None of these issues are even discussed: the longer you remain out of work the less seriously you are taking because, curiously, the lazier you are seen. This is the problem the sick face; if you have a condition that doesn’t get better over time, or at least a short period, it’s seen as less credible. That doesn’t make sense, but that’s the attitude. Then you factor in dealing with support services, where they exist at all I’m thinking of GP’s and the likes of Work Psychologists, though sometimes I think the one I saw is the only one in existence) who ignore the real issues and just fob you off with the belief that work cures all ills. All of this creates a background noise; a message that ignores the real issues, that leaves you isolated and without support while sounding the exact opposite.
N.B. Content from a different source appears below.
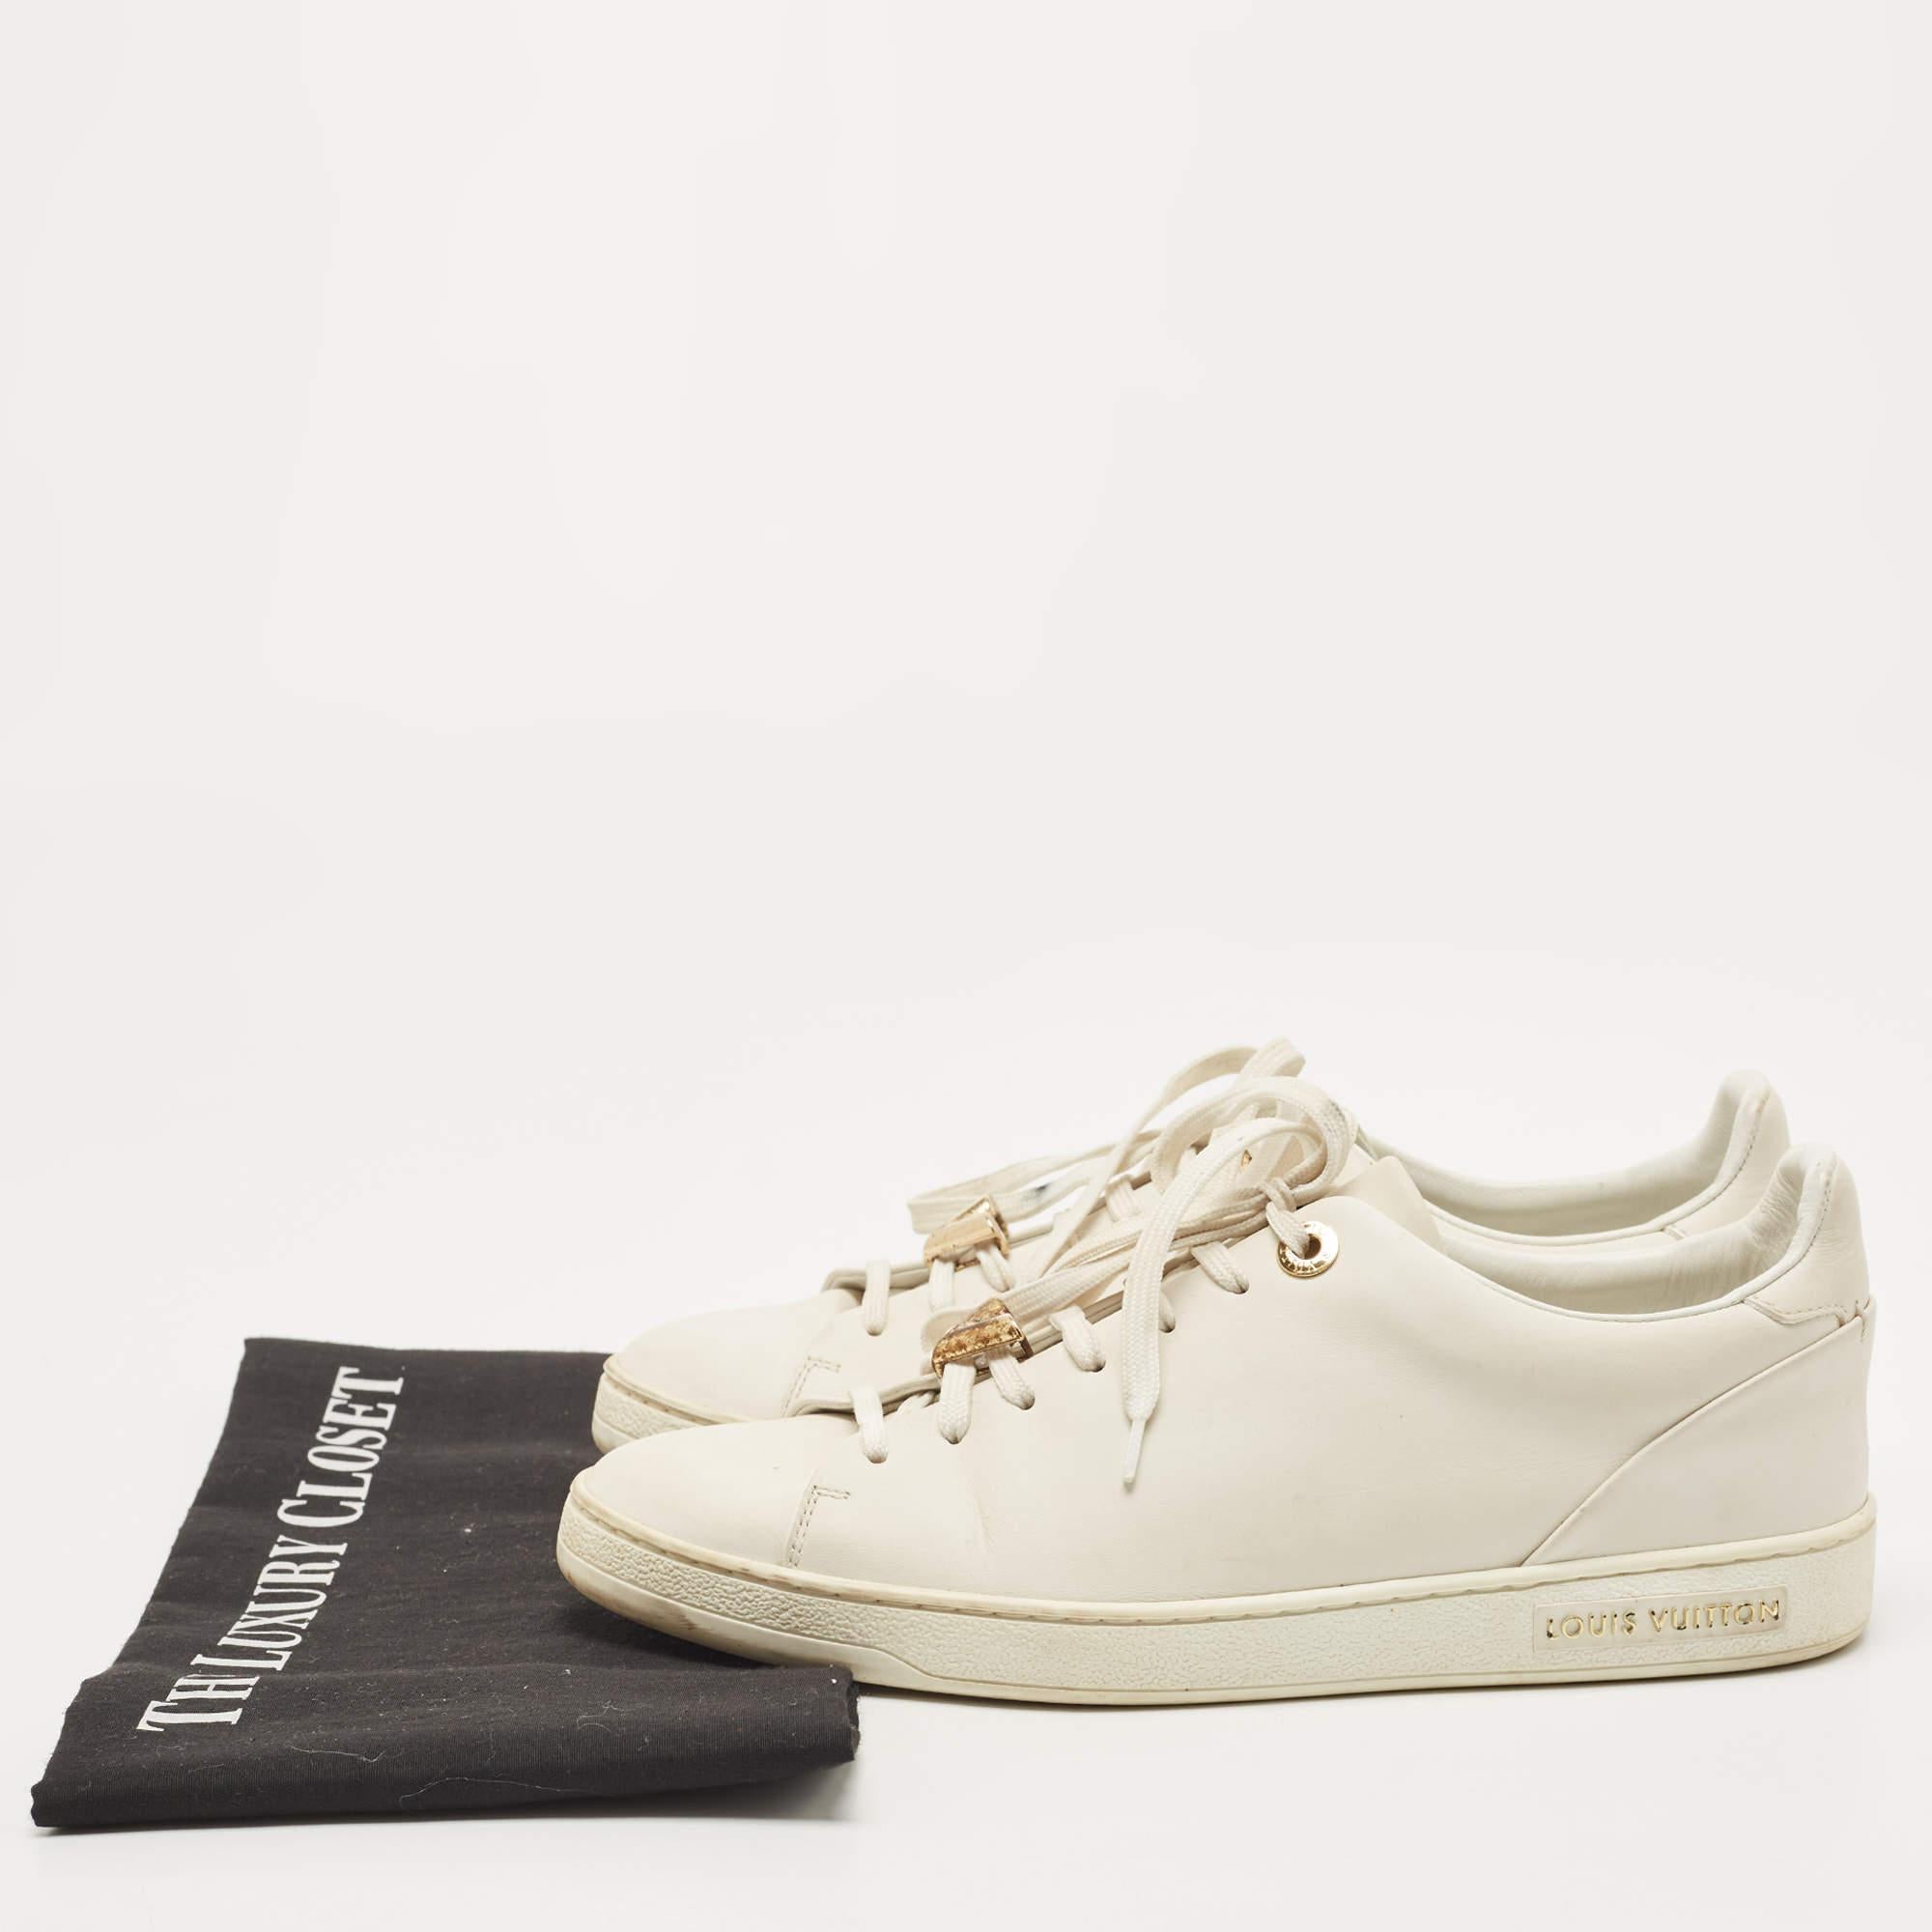 Louis Vuitton White Leather Frontrow Sneakers Size 38 7

I don’t know how people like me, of my generation, are ever going to break through. The kids today have way more qualifications than were ever available when I studied. I was in the second year of the GCSE and I only have 4 credible qualifications; they told us that GCSE’s were different because any grade, except F, was a valid qualification, but it turned out that only grades A – C mattered. That’s the old O Level equivalent. What was the point then? Now kids have A Star, they have the chance the learn much more than I ever could and seem to come away with bucket loads of grades I cannot compete with that make me look completely hopeless. Qualifications and courses that weren’t even available to me are routinely earned by kids coming through these days – and in numbers that belie the CBI’s moaning.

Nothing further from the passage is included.